In 1832, there died in England, of cholera, a person who stated himself to be a nephew of the poet. His nephew, Oliver, died in 1858; for we read in the Hampshire Advertiser of October 23rd, of that year: "On the 25th July, at sea, Oliver Goldsmith, aged 24, second officer of the Dunsandle, third son of the late Commander Charles Goldsmith, R.N., and a great-grand-nephew of the poet Oliver Goldsmith."

SCRIBBLING FOR BREAD IN A GARRET.

In a letter to his cousin, Mr. Bryanton, of Ballymahon, we find Goldsmith thus cheerful in his early struggles, amid "those streets where Butler and Otway starved before him :"

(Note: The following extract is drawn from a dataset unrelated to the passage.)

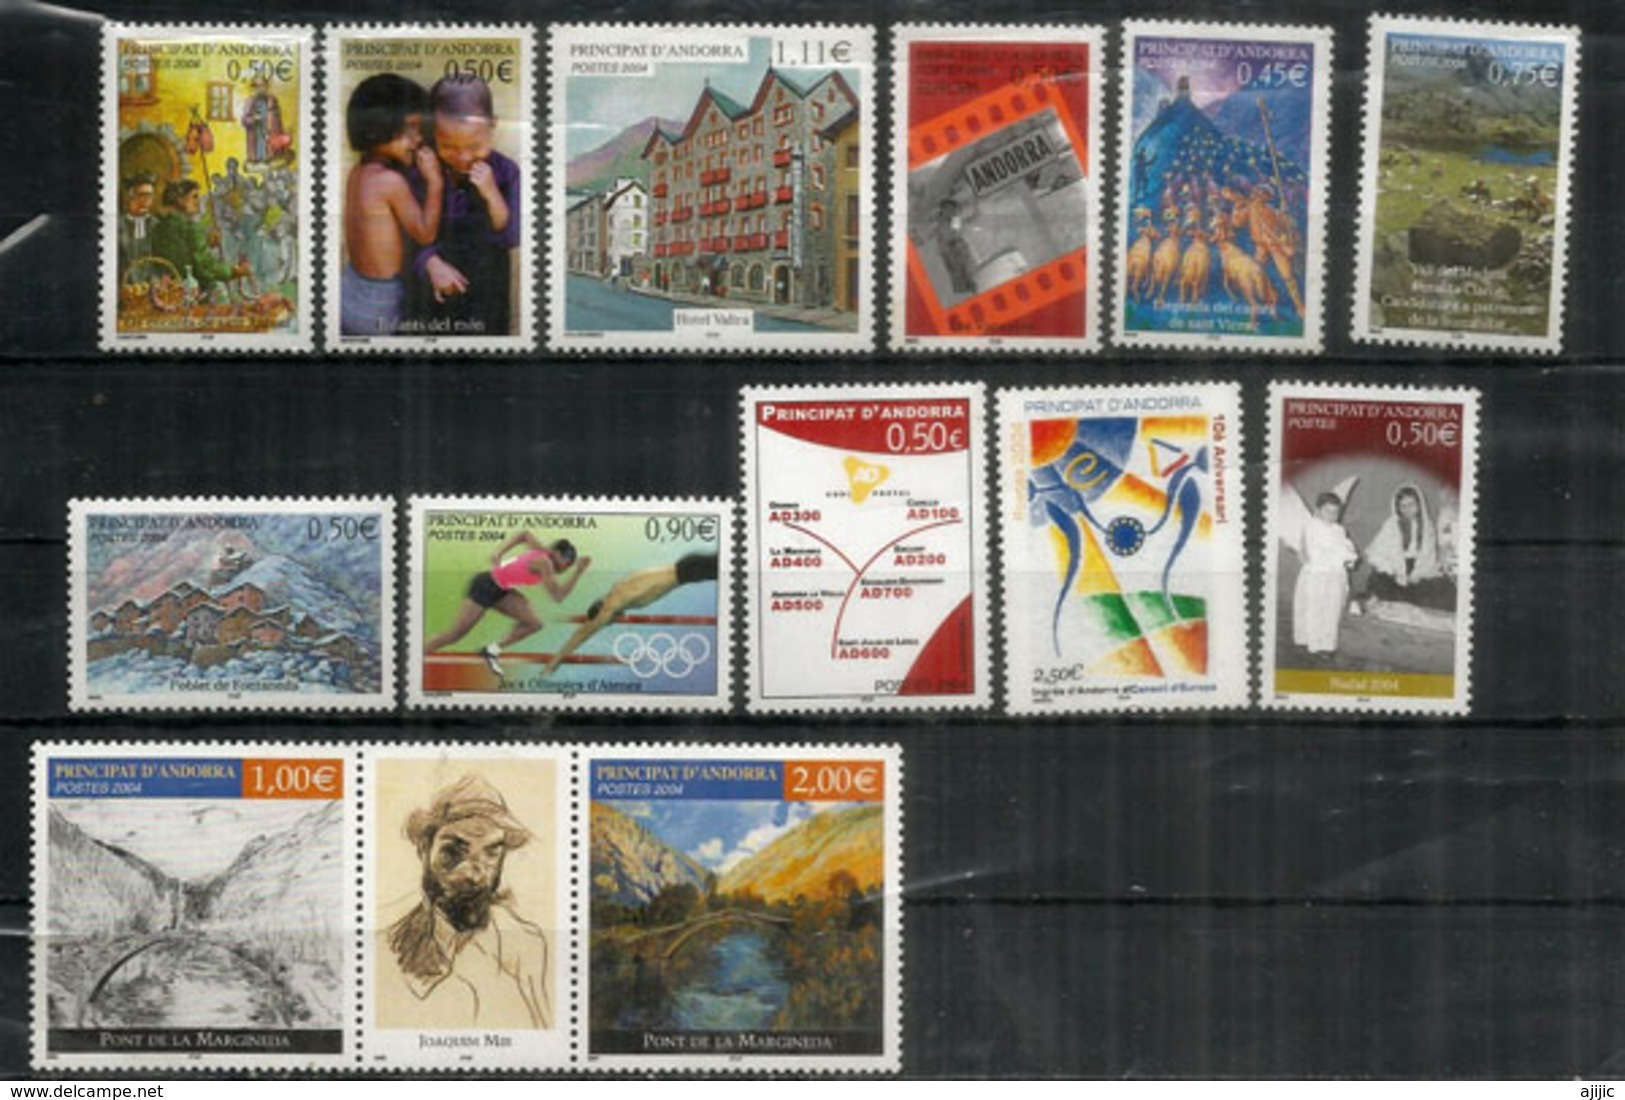 Année Complète 2004, 13 Timbres  Neufs **  Olympics Athens,Conseil De L'Europe,Code Postal Andorran,etc - Andorra Francese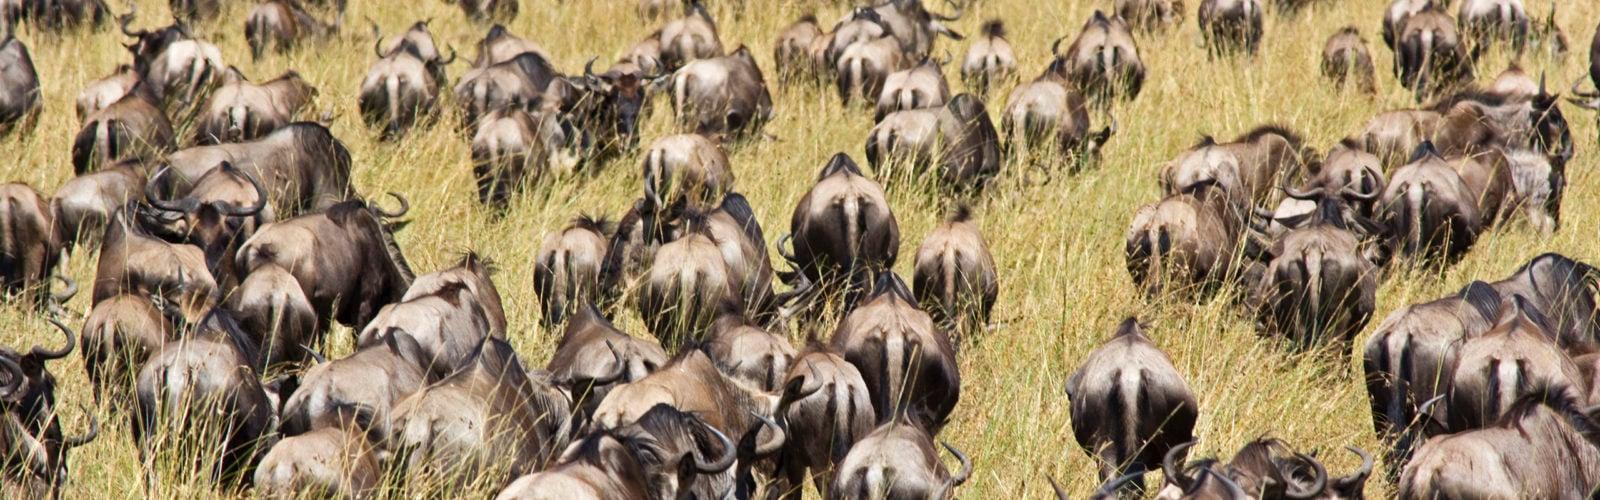 Wildebeest Great Migration

"I sate down with an intention to chide, and yet methinks I have forgot my resentment already. The truth is, I am a simpleton with regard to you; I may attempt to bluster, but, like Anacreon, my heart is respondent only to softer affections. And yet now I think on't again, I will be angry. Do you know whom you have offended? A man whose character may one of these days be mentioned with profound respect in a German comment or Dutch dictionary; whose name you will probably hear ushered in by a Doctissimus Doctissimorum, or heelpieced with a long Latin termination. Think how Goldsmithius, or Gubblegurchius, or some such sound, as rough as a nutmeg-grater, will become me ! Think of that! I must own my ill-natured cotemporaries have not hitherto paid me those honours I have had such just reason to expect. I have not yet seen my face reflected in all the lively display of red and white paints on any sign-posts in the suburbs. Your handkerchief-weavers seem as yet unacquainted with my merits or physiognomy, and the very snuff-box makers appear to have forgot their respect. Tell them all from me, they are a set of Gothic, barbarous, ignorant scoundrels. There will come a day, no doubt it willI beg you may live a couple of hundred years longer only to see the

day when the Scaligers and Daciers will vindicate my character, give learned editions of my labours, and bless the times with copious comments on the text. You shall see how they will fish up the heavy scoundrels who disregard me now, or will then offer to cavil at my productions. How will they bewail the times that suffered so much genius to lie neglected! If ever my works find their way to Tartary or China, I know the consequence.-Let me, then, stop my fancy to take a view of my future self; and, as the boys say, light down to see myself on horseback. Well, now I am down, where the d-1 is I? Oh, Gods! Gods! here in a garret writing for bread, and expecting to be dunned for a milk-score! However, dear Bob, whether in penury or affluence, serious or gay, I am ever wholly thine,

"London, Temple Exchange Coffee-house,

Temple Bar, August 14, 1758.

"OLIVER GOLDSMITH.

"Give my-no, not compliment neither, but something the most warm and sincere wish that you can conceive, to your mother, Mrs. Bryanton, to Miss Bryanton, to yourself; and if there be a favourite dog in the family, let me be remembered to it."

"WHEN LOVELY WOMAN STOOPS TO FOLLY."

When lovely woman stoops to folly,

And finds too late that men betray,
What charm can soothe her melancholy,-
What art can wash her guilt away?
The only art her guilt to cover,

To hide her shame from every eye,
To give repentance to her lover,
And wring his bosom, is-to die.

This charming song, which is sung by Olivia, in the Vicar of Wakefield, is almost a literal translation from the chanson of an obscure French poet, one Ségur, who wrote early in the eighteenth century. His poems are very scarce, and in proof of the above we subjoin the chanson to which Goldsmith was so much indebted, from the edition of Ségur's poems printed at Paris in the year 1719 :

Lorsqu'une femme, après trop de tendresse,
D'un homme sent la trahison,

Comment, pour cette si douce foiblesse,
Peut-elle trouver une guérison?

Le seul remède qu'elle peut resentir,
La seule revanche pour son tort,
Pour faire trop tard l'amant repentir,
Helas! trop tard-est la mort.

Samuel Rogers, in his Table Talk, relates this odd anecdote: "Most unfortunately, one morning, during breakfast at

« PreviousContinue »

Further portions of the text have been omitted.